– Тут полицийськи инспекторы пишкы ходять, на що же королева мени верстат купить! – ворчал Курашкин, семеня с точильным станком на плече вслед за Салливаном.
И слова его возымели действие. Утомившись от стенаний своего агента, инспектор взял кэб и остальную часть пути до Эбби-роуд Курашкин со своим станком проделал в экипаже.
– Боже! – воскликнул Артемий Иванович, открыв дверь и увидев Курашкина в сопровождении полицейского в штатском. – Тарас! Ну, что ты таращишься! Заходи.

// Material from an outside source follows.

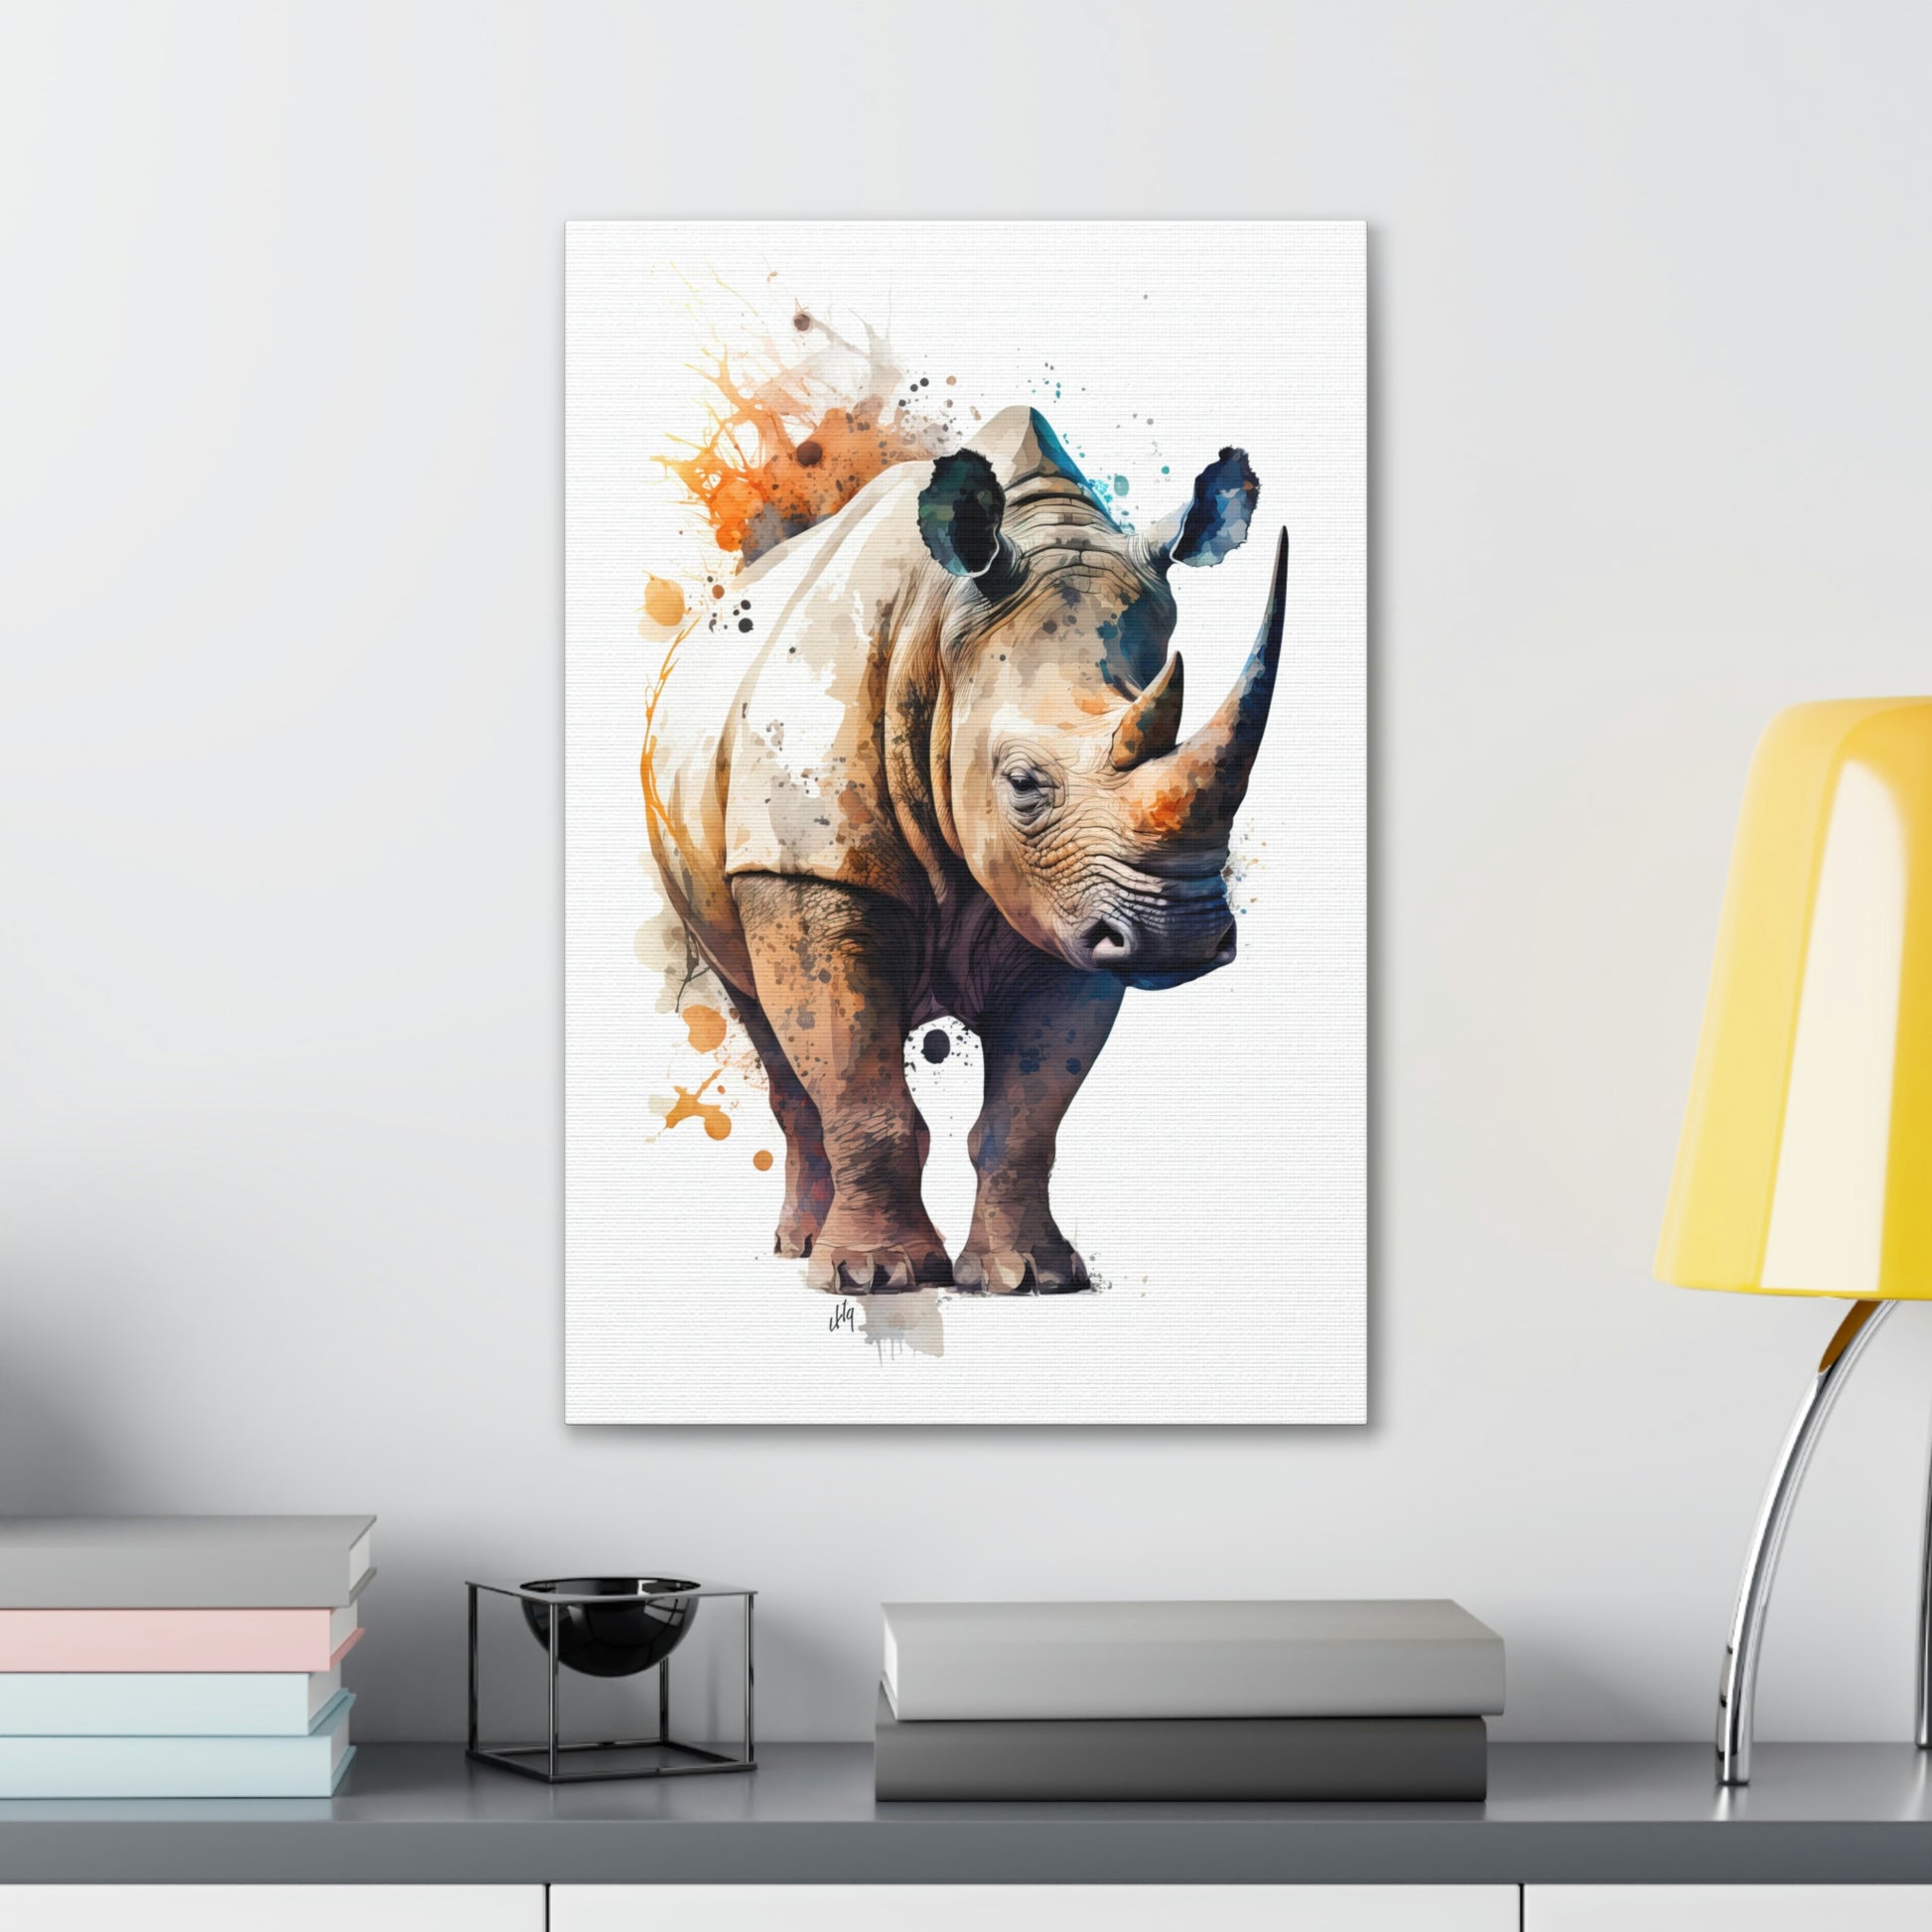 Rhinoceros Wall Art from the Wildlife Collection presents the dignified and powerful stance of this magnificent beast on canvas. Its subtle yet compelling depiction offers a thoughtful nod to nature's grandeur, making it a refined choice for any space looking to echo the majesty of the natural world.

– От, зазнайомься, товарыш Артемый, це мое начальство с Особливого отдилу, – сказал Курашкин, смущенно протискиваясь мимо пуза Владимирова в дом. – Инспектор Салливан. А це той самый Гурин.
– Степан, тут к тебе! – крикнул Артемий Иванович по-русски. – Неприятности пришли.
– В моем мнении, мы имели с вами знакомство, – тоже по-русски сказал Салливан, когда Фаберовский вышел из гостиной ему навстречу.
– Совершенно верно, – ответил поляк, пожав руку инспектору. – Я присутствовал при обыске комнаты некоего Тамулти на Бетти-стрит.
– От этой комнаты для полиции один неприятность. Две недели раньше человек, кто поселил себя там после Тамулти, устроил реальный погром, когда к нему прибыл его знакомый от Парижа. Он победил этим знакомым дверь хозяйки, миссис Куэр, и погнул чугунный фонарь на улице. Четыре констебля и соседи от всей улицы едва завязали его. К счастью, он был удален назад в Париж.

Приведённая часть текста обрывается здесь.